In a recent attempt to combat the cost and time spent developing novel drugs, researchers have begun to teach old drugs new tricks by developing prodrug versions of many bioactive compounds [44]. Many attempts to solubilize small hydrophobic molecules have led to the creation of prodrugs and amphiphiles capable of aiding in this work. Acetaminophen, a synthetic aniline derivative widely used for its antipyretic and analgesic properties, is one of the most popular drugs to combat fever [45]. Acetaminophen suberate (6), a prodrug amphiphile with two separate hydrogen bonding moieties, was synthesized and tested for self-assembly [46]. It was demonstrated that by adding a lipase solution, the hydrogel assemblies of acetaminophen suberate were easily broken and, secondly, the ester bond cleaved, releasing the drug into solution. The weak noncovalent interactions allow for the easy disruption of the self-assembled structures, a pre-requisite to transition from prodrug to drug. After the lipase cleaves the phenol–ester bond, and assembly is no longer possible, suberic acid is left to natural bioprocesses along with the active drug. Researchers took this one step further, again encapsulating the hydrophobic curcumin to demonstrate the dual release of acetaminophen and a second drug via a similar mechanism. The increased lipophilicity of the prodrug serves not only to create structures, but aid in the sequestering of the secondary guest drug until targeted application. The use of bioderived materials is important as the entire system is comprised of biocompatible materials, and materials that undergo chemical conversion in biological systems to release further biocompatible materials. While the prodrug synthesis follows a traditional nonbiocatalyzed procedure (DCC, DMAP, in toluene), the importance of the amphiphile’s ability to react via the naturally occurring lipases is of the utmost importance, making them well suited for simple drug delivery systems. While acetaminophen itself is not natural, as natural enzymes may still work with this molecule, the functional product is not hindered by the use of traditional chemical methods, making it a viable component when developing green products.

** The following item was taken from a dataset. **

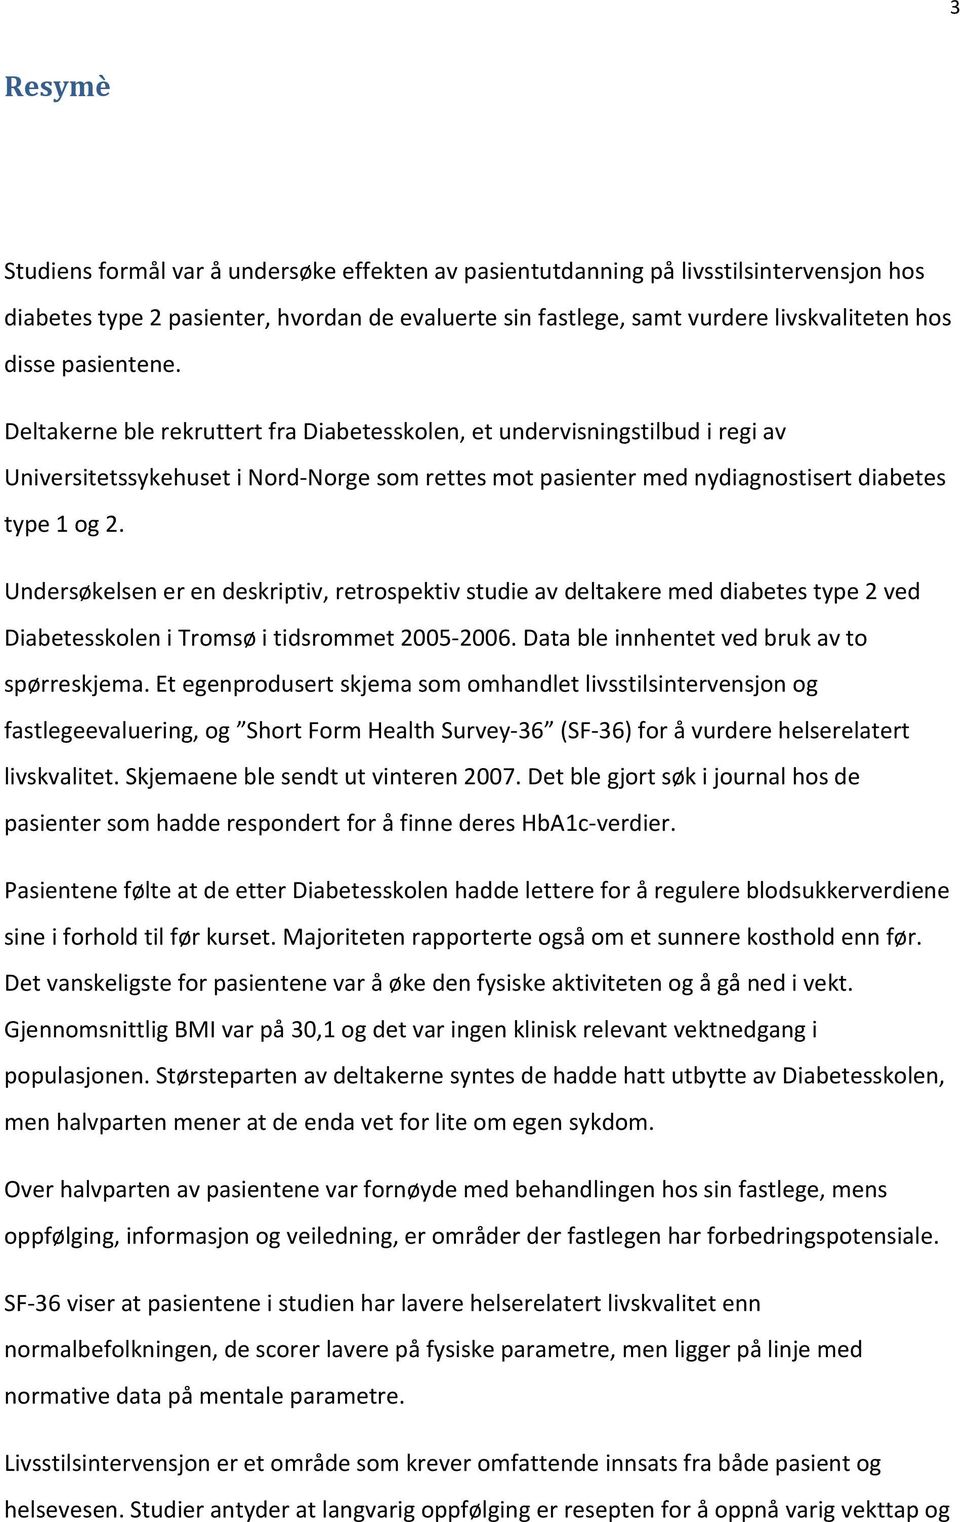 Undersøkelsen er en deskriptiv, retrospektiv studie av deltakere med diabetes type 2 ved Diabetesskolen i Tromsø i tidsrommet 2005-2006. Data ble innhentet ved bruk av to spørreskjema.
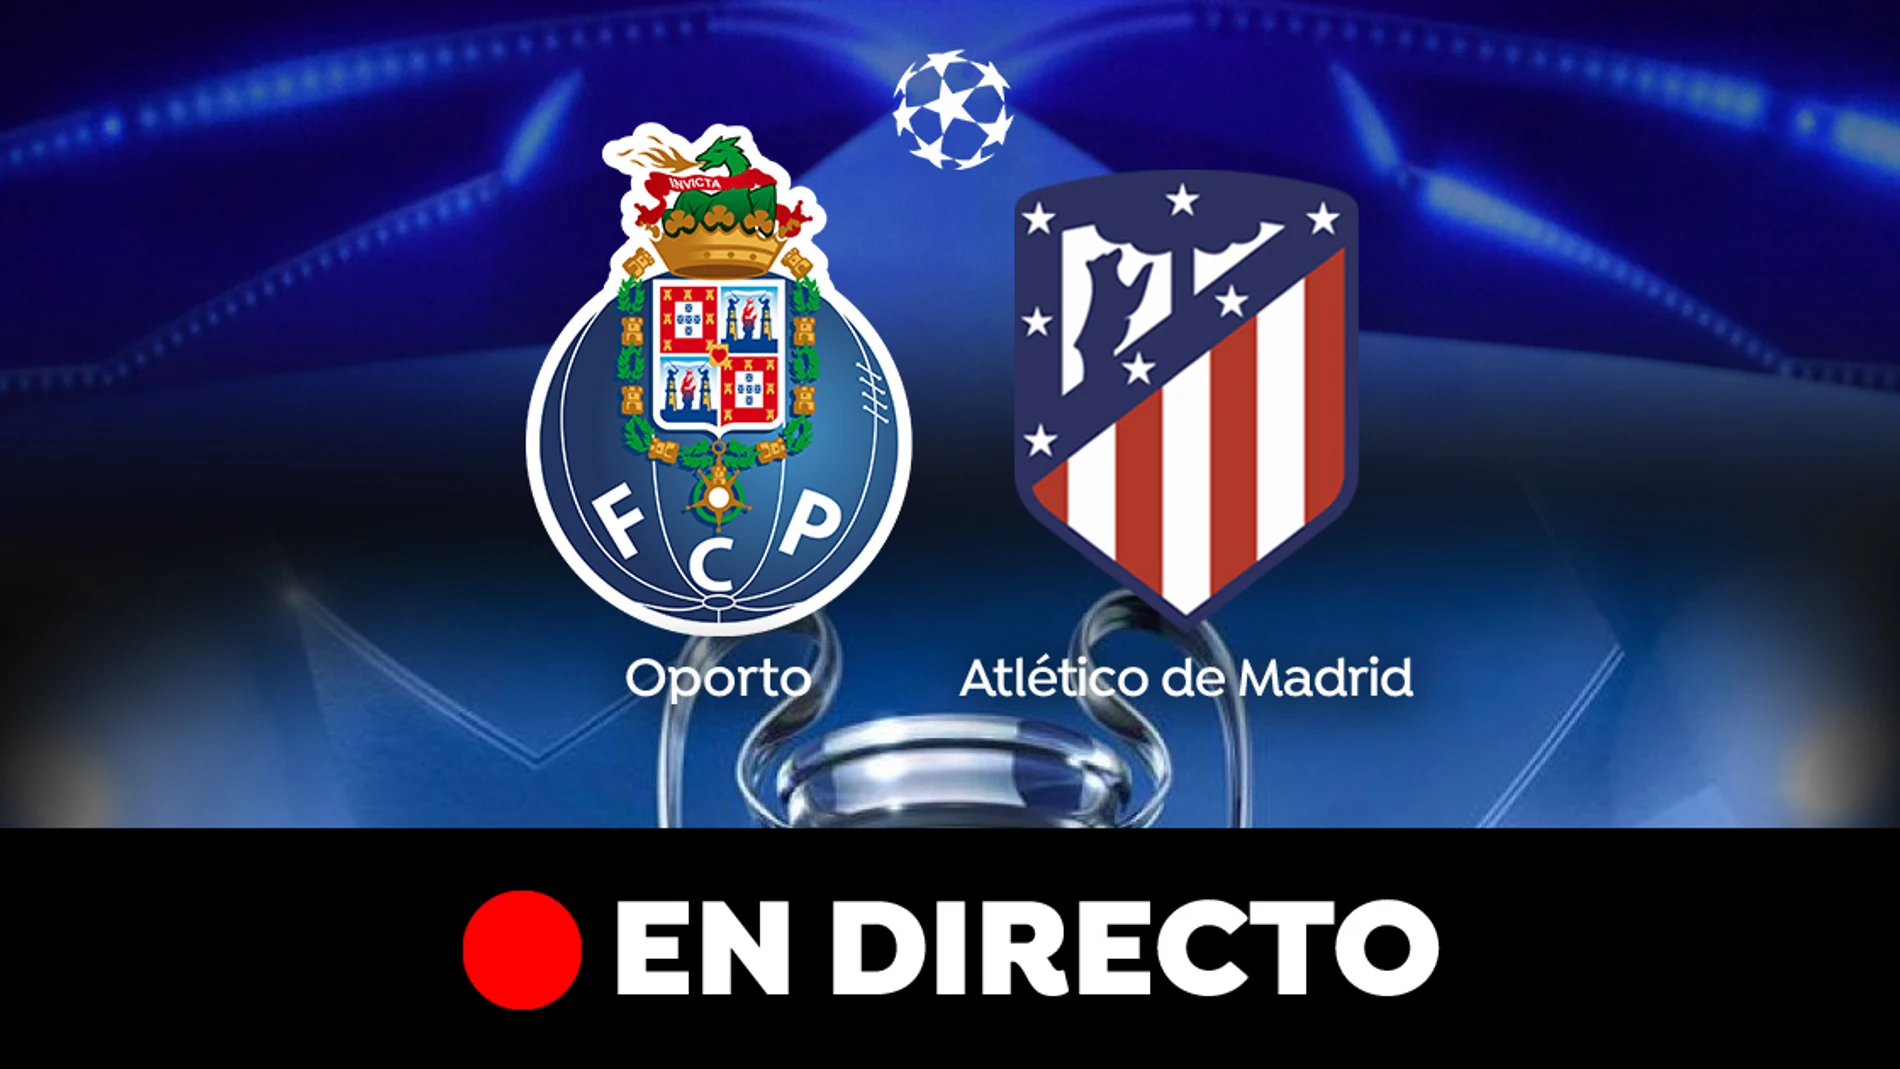 Oporto - Atlético de Madrid: Partido de Champions League, en directo

The past five assemblies represent one side of the highly functional systems, assembled mainly in aqueous solutions. Henceforth, the assemblies will be structured from edible oils and organic solvents earning them the name organogel. As care was taken to note the green nature of the semisynthetic products in the first half, we shall focus on similarly interesting products in the second, but highlight the syntheses and green practices used to create functional smart materials from simple monomers.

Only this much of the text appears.